### Aim of the exercise
Give back exactly the lines of the material below that start at the one holding "Coppersound DIY Solder Dispenser in Cream" and end at the last line, minus the pictures.

### Given information
============
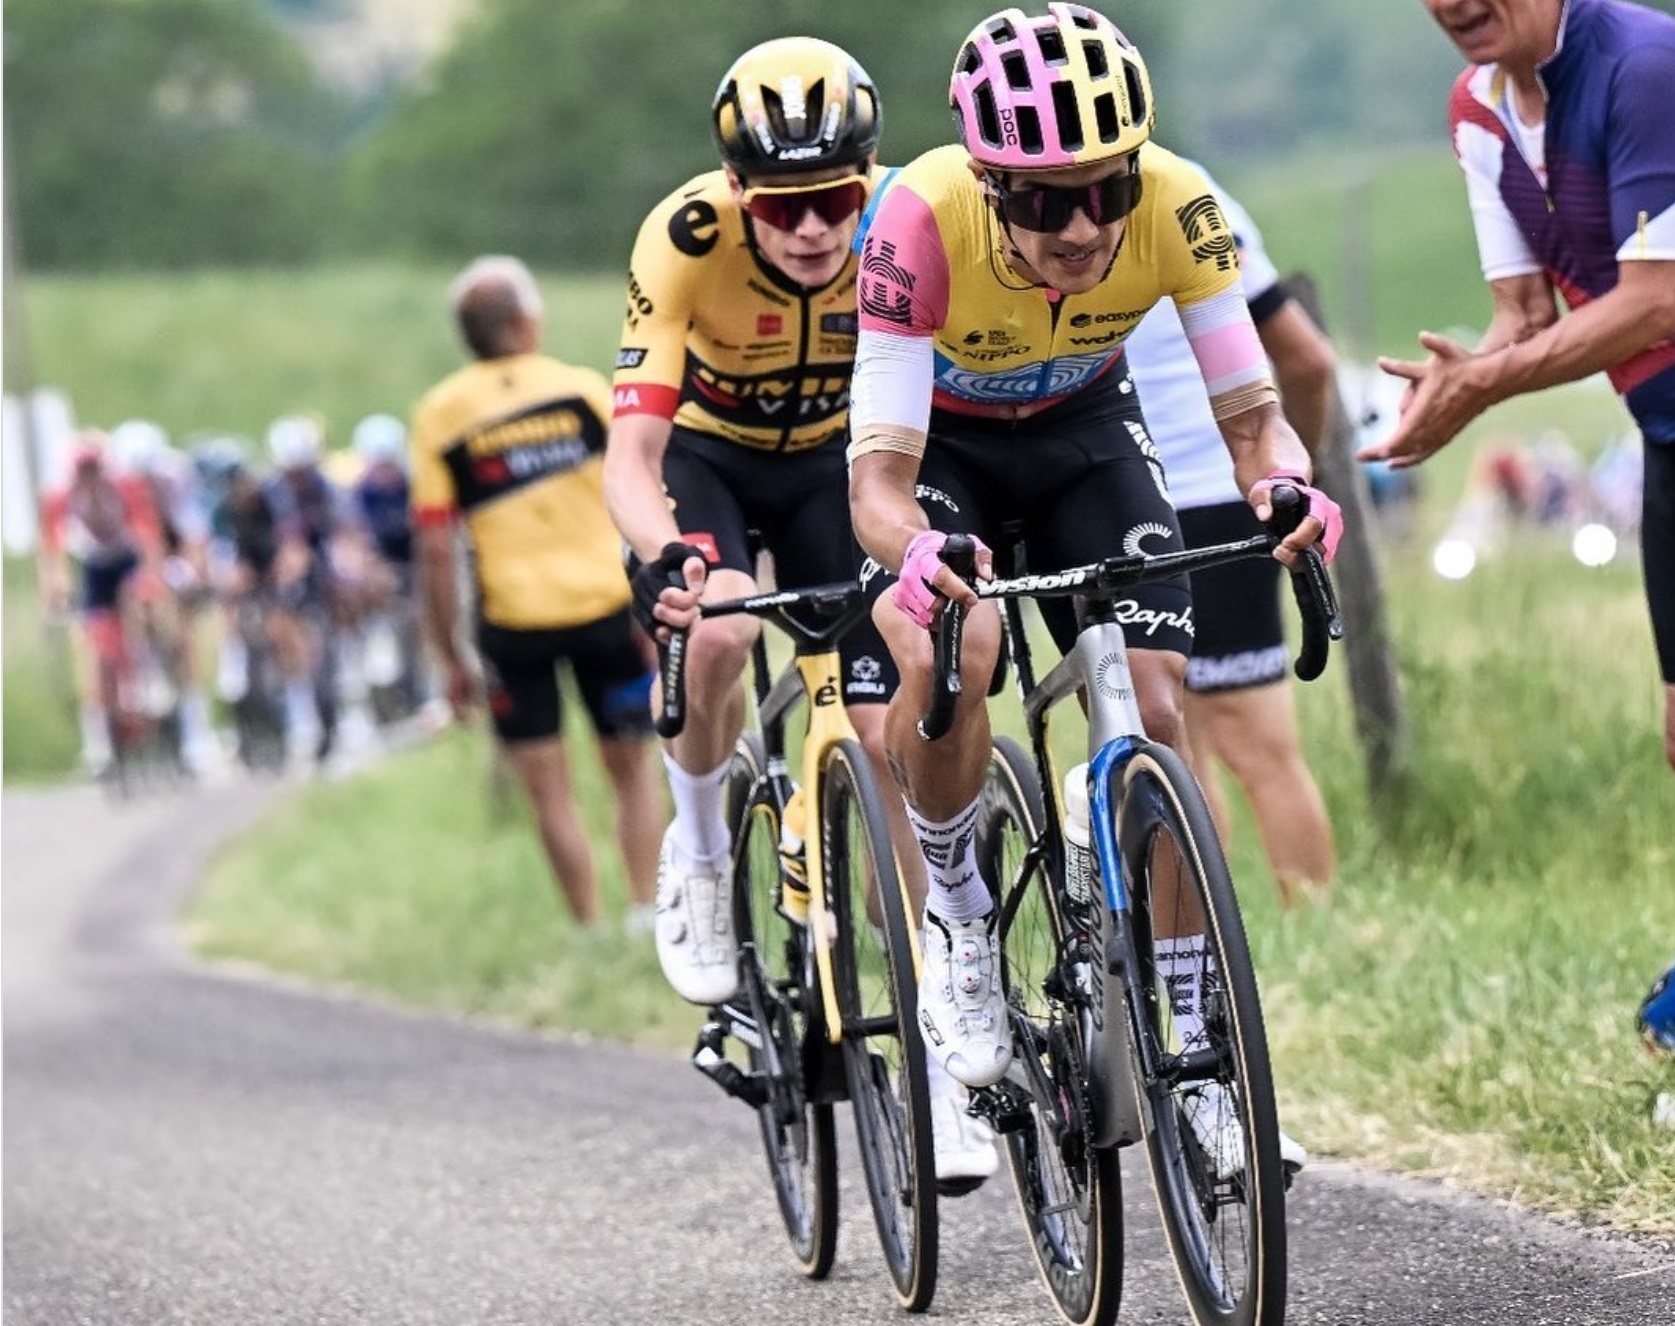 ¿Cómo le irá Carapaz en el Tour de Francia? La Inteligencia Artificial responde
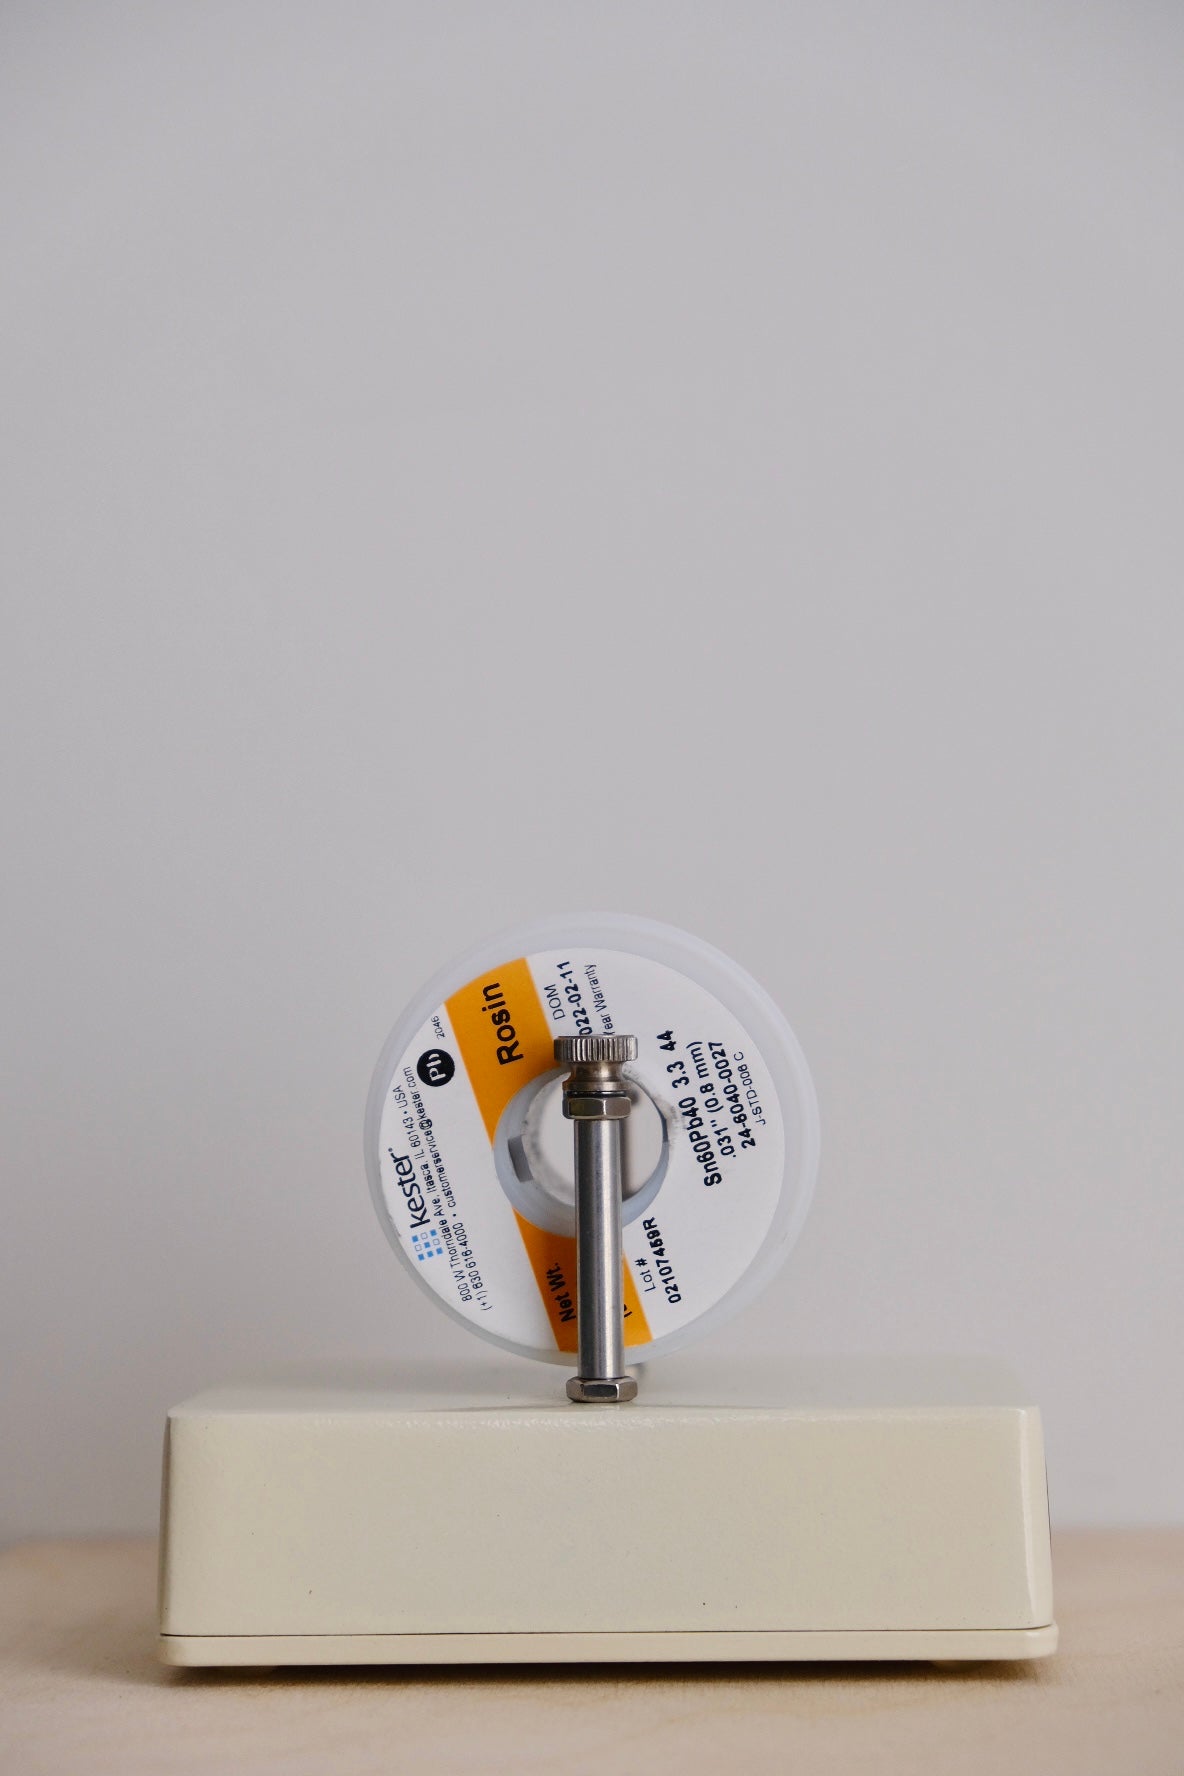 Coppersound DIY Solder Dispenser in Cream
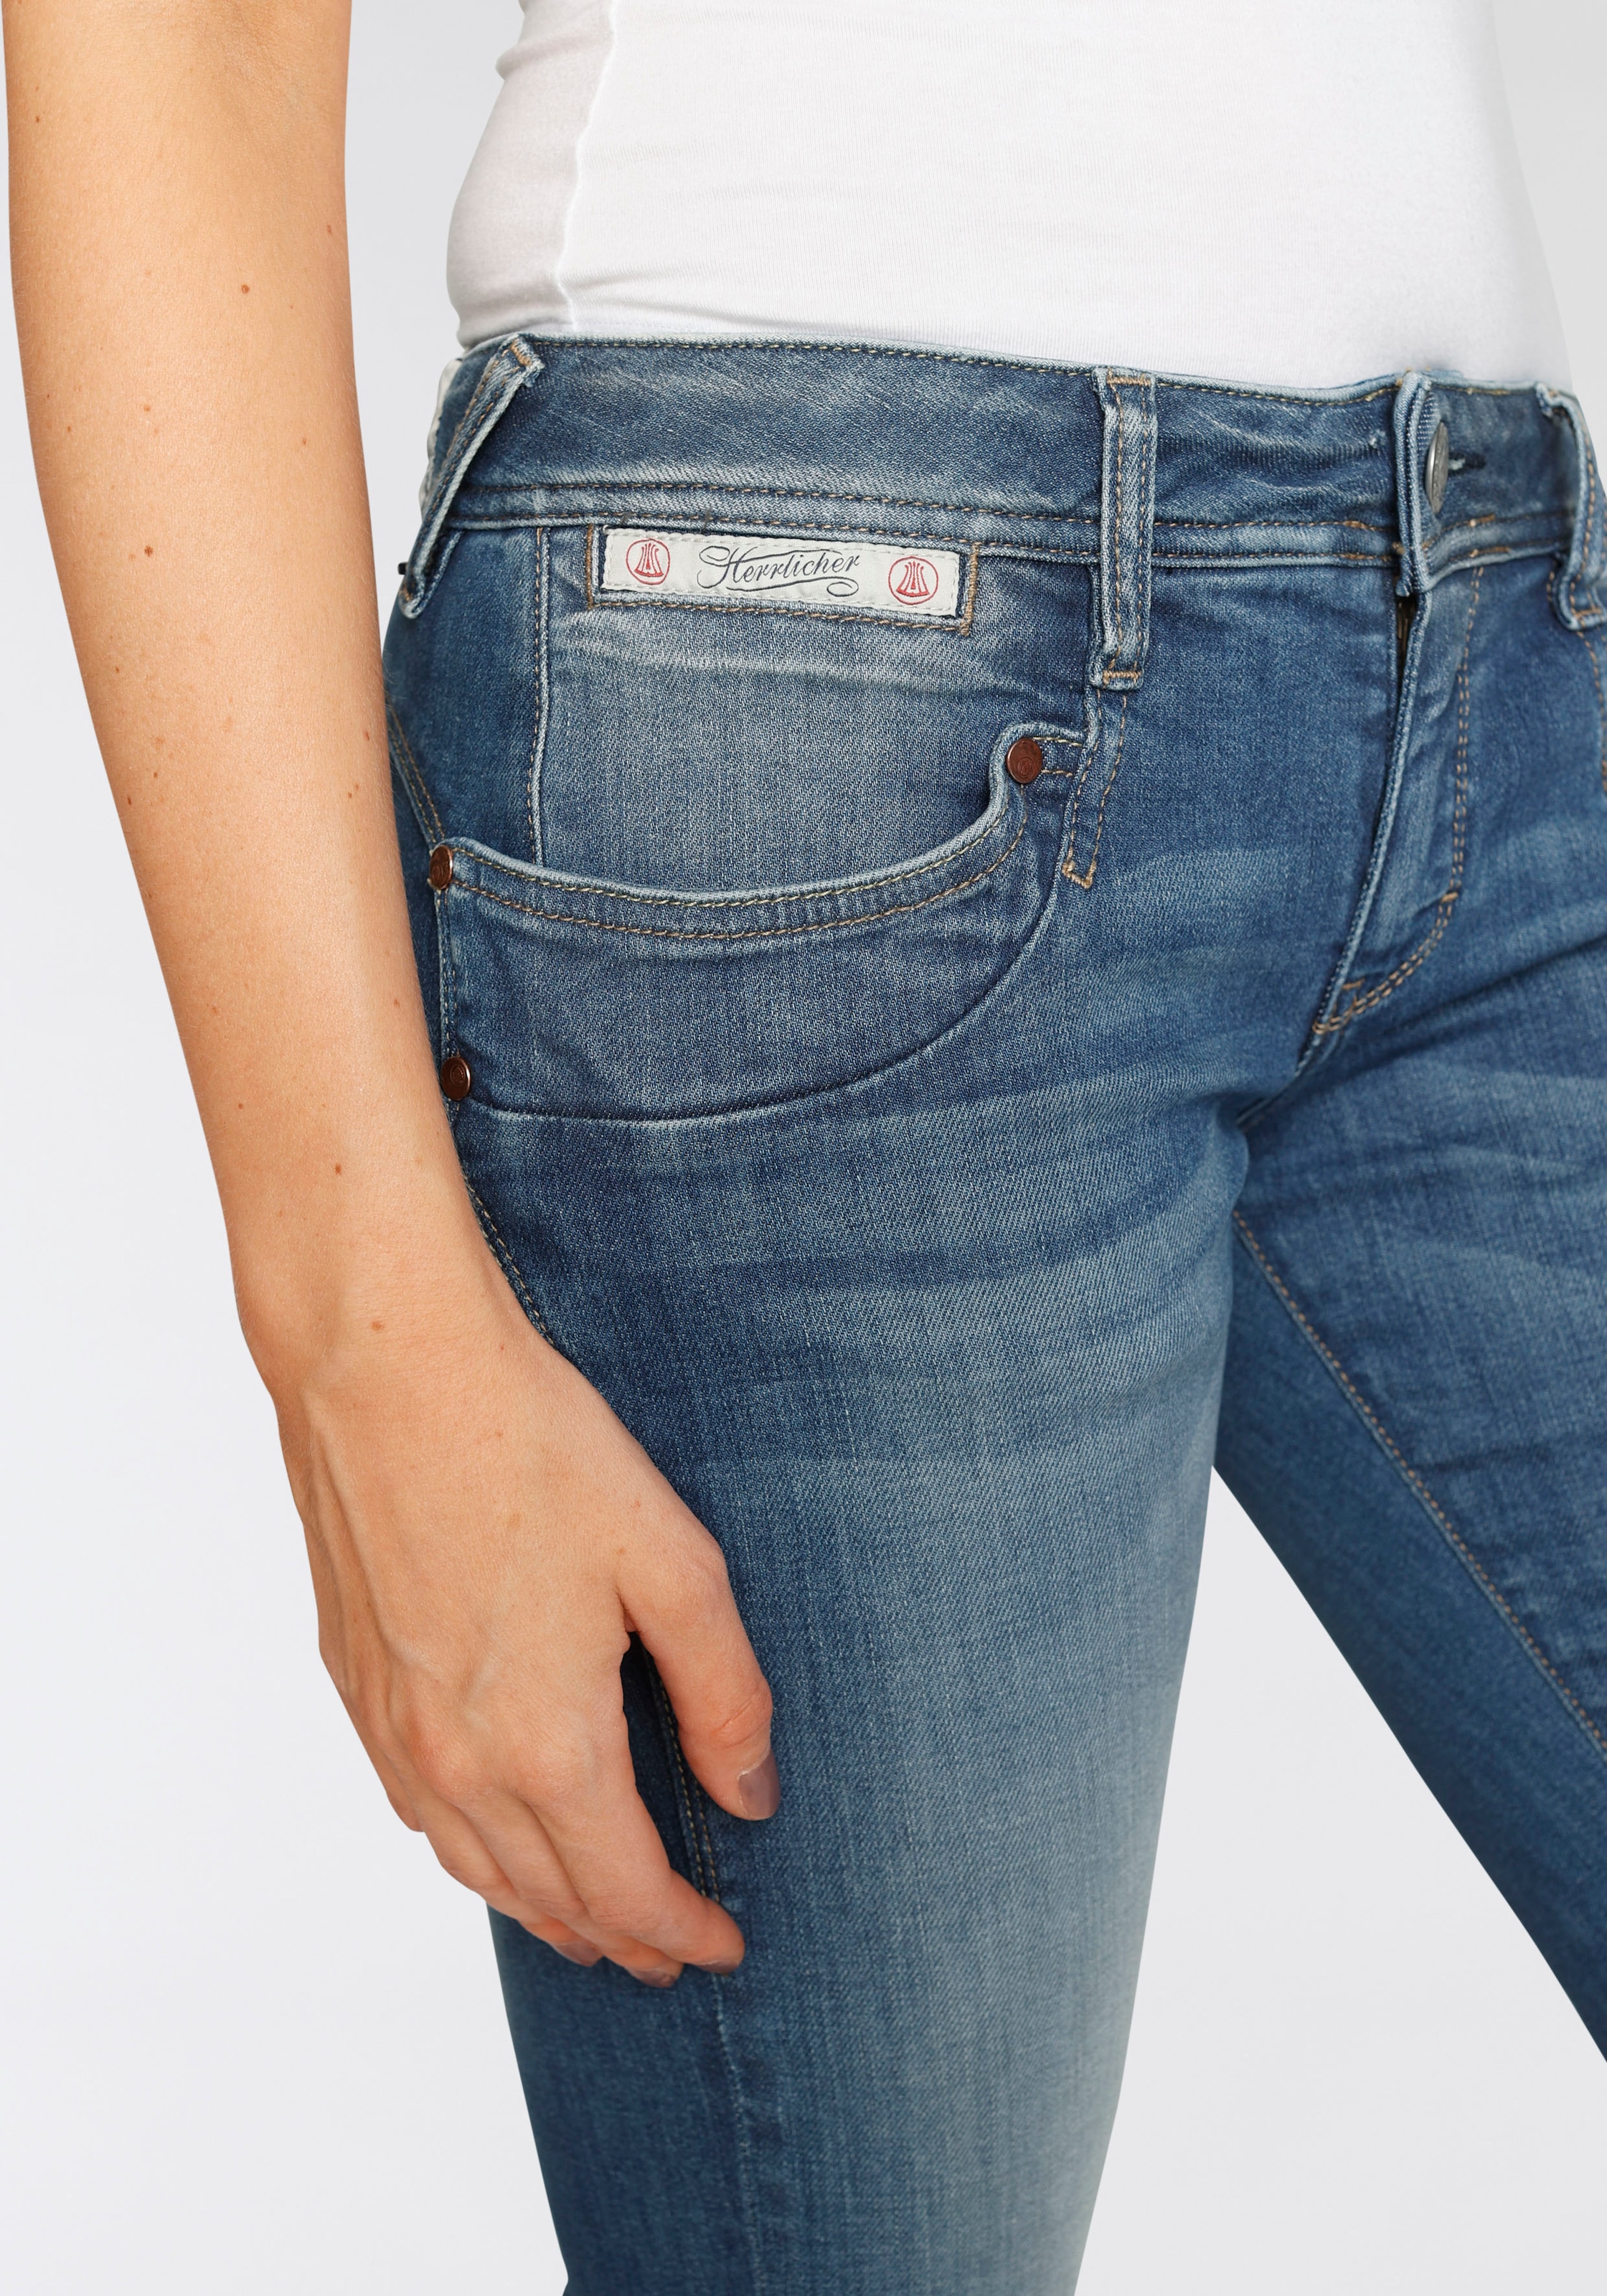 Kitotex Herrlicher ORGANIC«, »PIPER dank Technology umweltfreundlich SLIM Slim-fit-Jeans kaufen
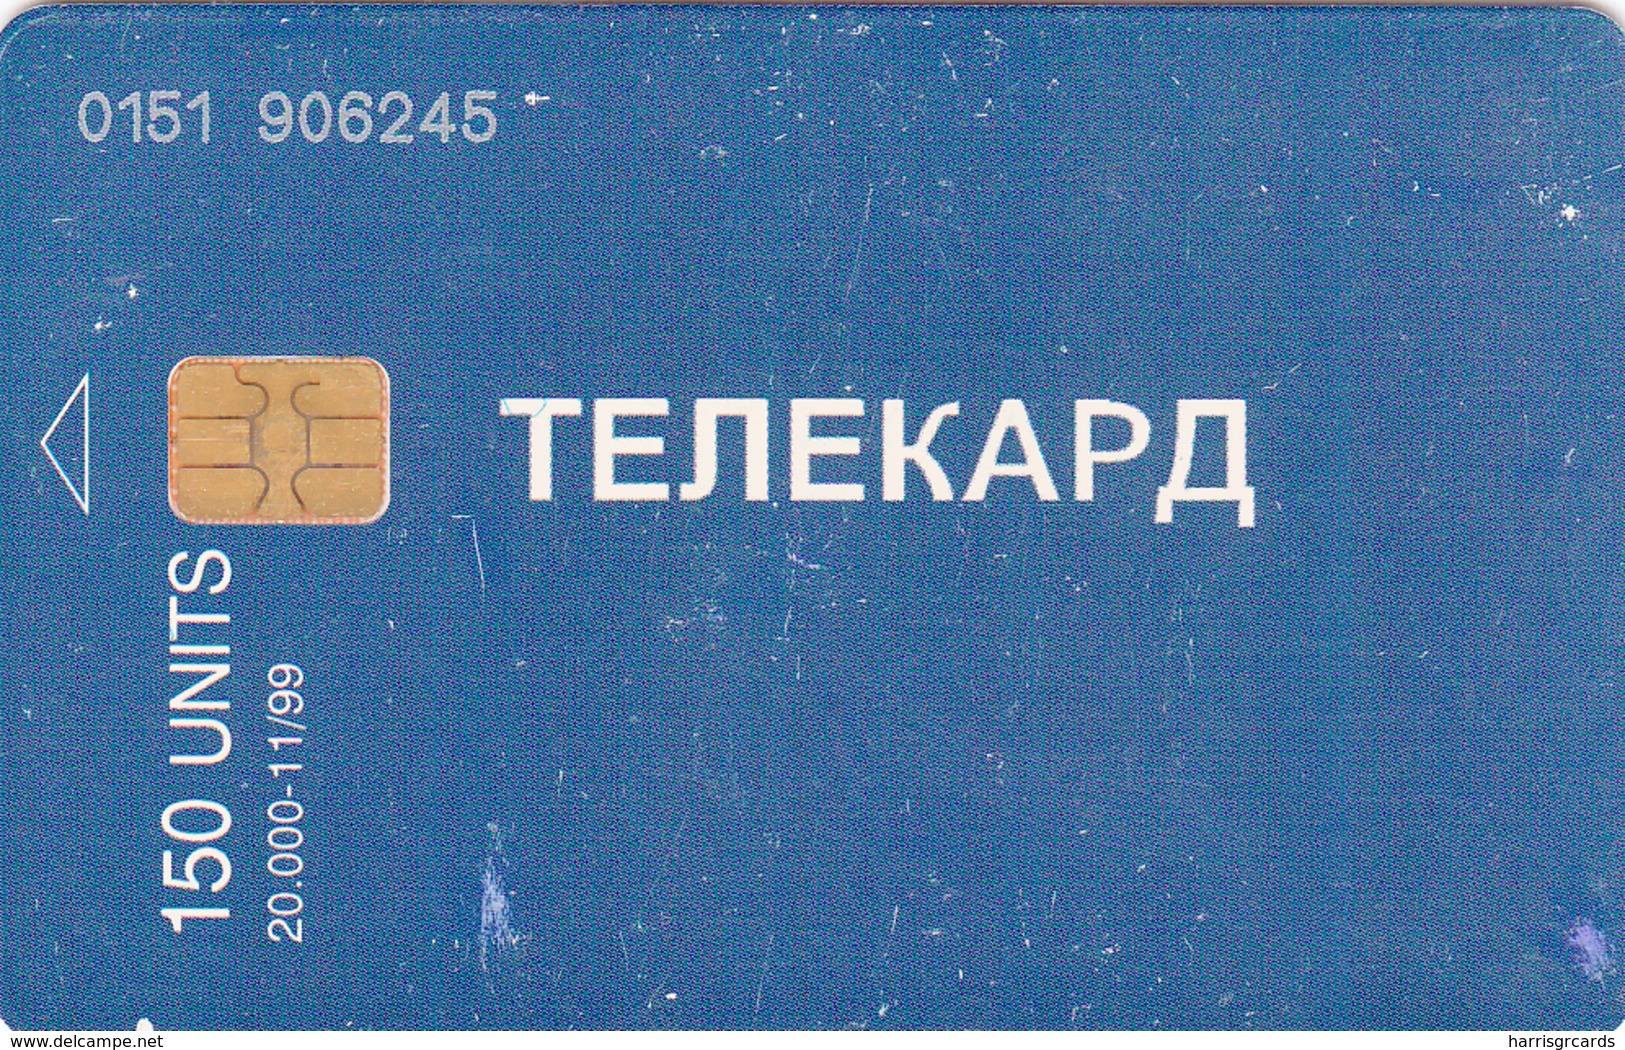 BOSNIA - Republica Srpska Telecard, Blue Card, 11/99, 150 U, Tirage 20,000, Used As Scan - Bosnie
============
### Task solution
 Coppersound DIY Solder Dispenser in Cream
 Kitotex Herrlicher ORGANIC«, »PIPER dank Technology umweltfreundlich SLIM Slim-fit-Jeans kaufen
 BOSNIA - Republica Srpska Telecard, Blue Card, 11/99, 150 U, Tirage 20,000, Used As Scan - Bosnie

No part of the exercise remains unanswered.